Annea Lockwood and Bob Bielecki’s Wild Energy takes visitors on a fantastical tour of sounds that normally occur outside the range of human hearing, beginning with solar oscillations recorded by the SOHO spacecraft, sped up 42,000 times, and ending with ultrasound recorded from the interior of a Scots pine tree, slowed down ten times. As the creators describe the piece:

Wild Energy gives access to the inaudible – vibrations in the ultra and infra ranges emanating from sources which affect us fundamentally, but which are beyond our audio perception, many of which are creating our planet’s environment: the sun, the troposphere and ionosphere, the earth’s crust and core, the oxygen-generating trees. … A generating image for the piece is of Caramoor’s trees funneling these energies into the oxygen we breathe as we walk near them or lie under them.”

Born in New Zealand in 1939 and living in the US since 1973, Annea Lockwood is known for her explorations of the rich world of natural acoustic sounds and environments, in works ranging from sound art and installations, through text-sound and performance art, to concert music (see also under Piano Garden below). Bob Bielecki has worked in the media arts field for more than forty years, creating unique instruments and sound designs for installation and performance. He is known for his innovative use of technology to develop distinctive electronic effects and environments and is engaged in ongoing research in psychoacoustics, sound localization, and 3-D audio.

Ranjit Bhatnagar: Stone Song (2014)

Stone Song, a meditation on time and change that was originally hosted by the Neuberger Museum of Art of Purchase College, SUNY, and moved to Caramoor in 2015, was designed in collaboration with Hilary Martin, Akira Inman and Evan Oxland. Bhatnagar says:

“When I look at an old stone wall, I think about how the seemingly solid form has shifted and settled over time, through weathering and the erosion and compression of the soil. In order to explore this process through sound, Stone Song is laced with pressure sensors and strain gauges, and sensors for humidity, temperature, and barometric pressure. All this information feeds into a drone synthesizer, whose fundamental tones shift slowly over the months as the stones settle. Daily weather and seasonal changes will produce smaller, shorter-term changes in the stones’ song, as will the weight of visitors who stop to sit on it and listen.”

Ranjit Bhatnagar discovered sound art around age 14, listening to weird late-night programs on KPFA. He now works with interactive and sound installations, with scanner photography, and with internet-based collaborative art. Recent works have been exhibited at the Lawrence Hall of Science in Berkeley, the Parc d’aventures scientifiques in Belgium, Flux Factory in Queens, in the Artbots series at Eyebeam Atelier and the Pratt Institute in New York, and the Mermaid Show at the Williamsburg Art and Historical Center in Brooklyn.

Taylor Deupree: t(ch)ime (2017)

t(ch)ime is a site-specific sound installation on a quiet path under the trees on Caramoor’s grounds, an otherworldly addition to a familiar environment.
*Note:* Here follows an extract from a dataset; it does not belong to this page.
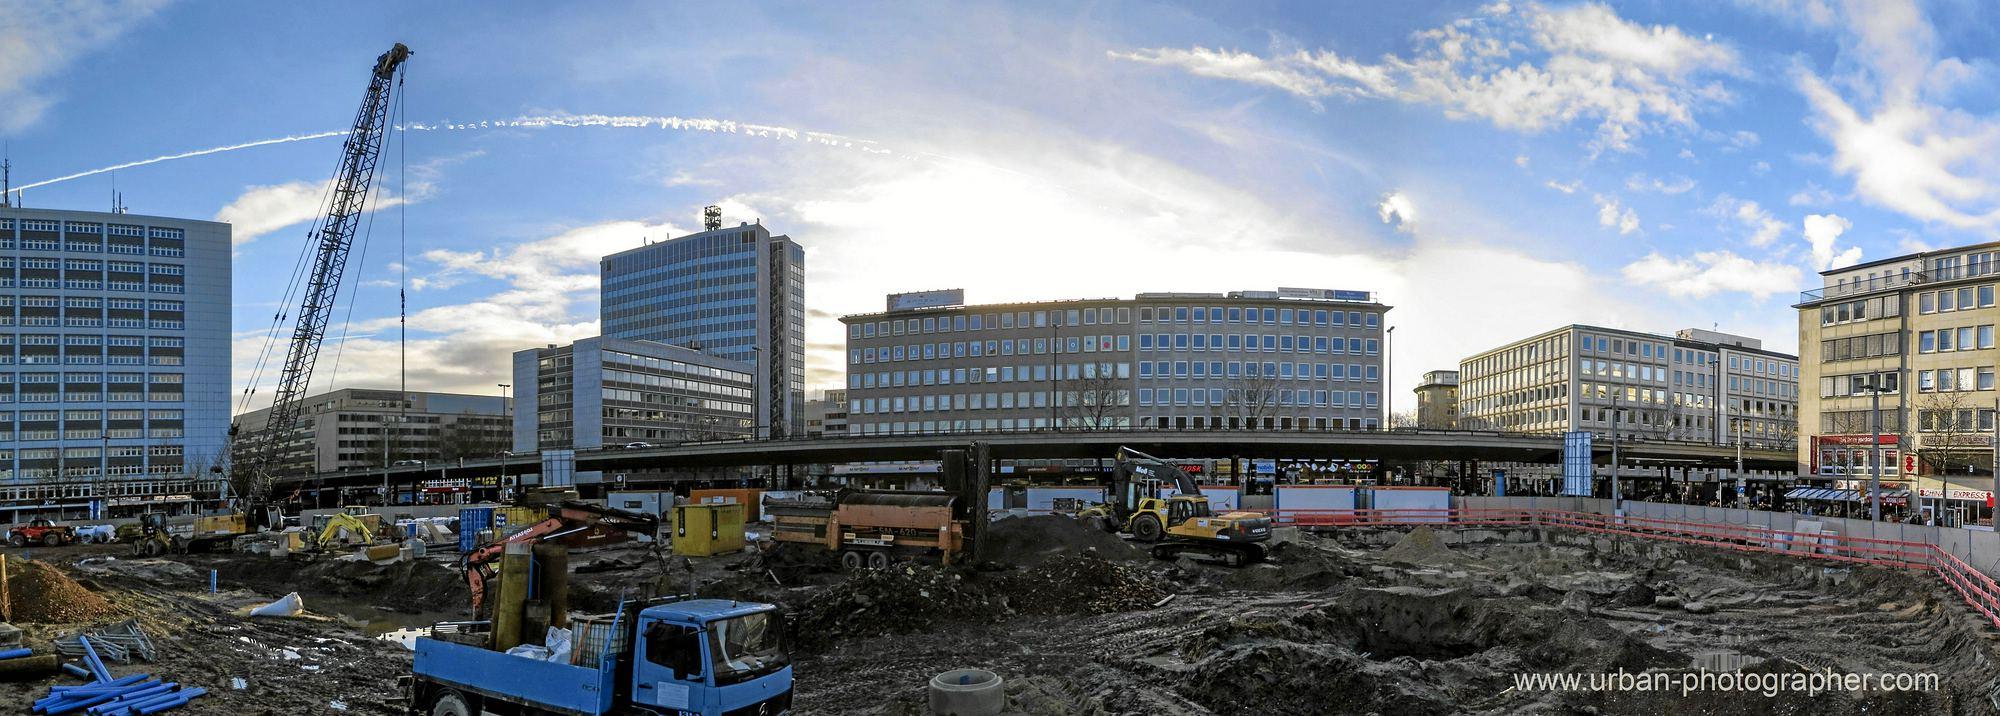 Baustelle Bahnhofsplatz 15

The sole sound source of the piece is a collection of bell chimes that have been manipulated through increasing layers of digital processing, so that the sound evolves as one walks down the path. Thus, the human element – that is to say, the physical experience of hearing chimes activated by wind in natural surroundings – is combined with a gentle digital manipulation that calls attention to the acoustic properties of the materials from which the chimes are made. The effect is a small temporal oasis of fragile and reflective sound, in which hearing becomes the listener’s most heightened sense.

Taylor Deupree is an accomplished sound artist whose recordings, rich with abstract atmospherics, have appeared on numerous record labels, as well as in site-specific installations at such institutions as the ICC (Tokyo, Japan) and the Yamaguchi Center for Arts and Media (Yamaguchi, Japan). His music today emphasizes a hybrid of natural sounds and technological mediation. It’s marked by a deep attention to stillness, to an almost desperate near-silence.

Walter Kitundu: Nafasi Yako Ni Ya Kijani (Your Place is Green) (2017)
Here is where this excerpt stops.